1. Omé Kayo: Opening, Caparace, Hoops Dancer Part 1
2. Cum Sancto Spiritu:
  - Hand-balancing (2010 – 2017)
  - Aerial Straps (2019 – 2020)
3. Indie-Hip: Rings trio
4. Koumaya: Unicycles with bowls
5. Crystal Pyramid: Foot juggling (2010 – 2017; 2019 – 2020)
6. Thunder:
  - Perches (2010–2013)
  - Cyr Wheel (2018)
7. Toreador:
  - Devil sticks
  - Diabolo
8. Qué Viyéra: Fixed trapeze duo
9. Mr.
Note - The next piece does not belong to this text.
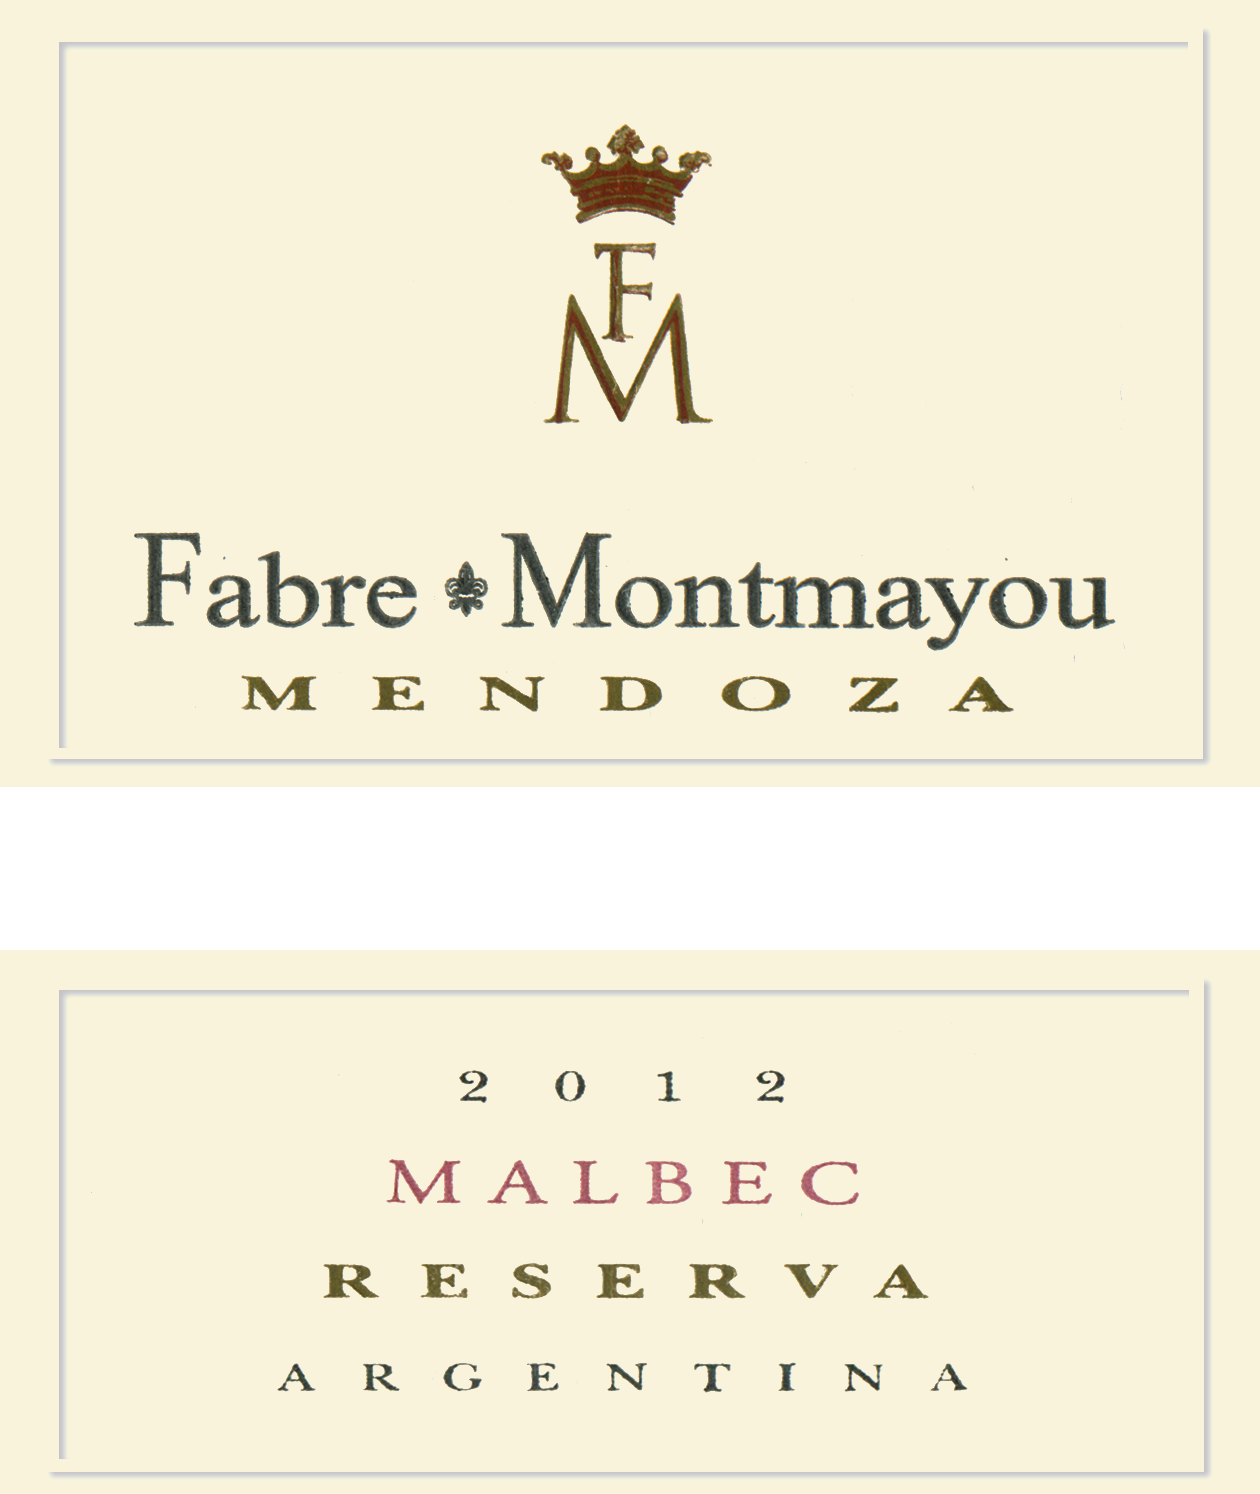 2015 Fabre Montmayou Malbec Reserva Mendoza - click image for full description

Beaker: Manipulation
10. Onta: Hoops dancer part 2, roller skates
11. Kunda Tayé: Hand to Hand
12. Fast Boat: Speedboat clown act
13. Terre-mère: Russian bars
14. Omé Yo Kanoubé: Finale

Unlisted songs:
1. Contortion: Contortion
2. Escalade: Escalade
3. Aerial Straps Solo: Aerial Straps Solo
4. Crystal Ladies: Crystal Ladies
5. Fisherman: Clown act

===Vocalists===

====Female singers====
Zama Magudulela : December 2019 - March 12, 2020

Esi Kwesiwa Acquaah-Harrison: Apr 2010 - Feb 2011, Jan 2012 - Jun 2013, Nov 2013 - Aug 2016, Jul 2017 - Dec 2019

Coco Mbassi : Mar 2011 - May 2011

Odessa Thornhill : May 2011 - Dec 2011, Jul 2013 - Nov 2013

Betina Quest : Aug 2016 - Jun 2017

====Male singers====
Christian Laveau: Apr 2010 - Dec 2018, Feb 2020 - March 12, 2020

Christian Kit Goguen: Dec 2018 - Feb 2020

==Tour==
The Totem tour plan diverged from the prior pattern of other Grand Chapiteau tours, heading to Europe directly after its North American premiers. It then returned to complete its North American tour before heading to Oceania, Asia and Europe.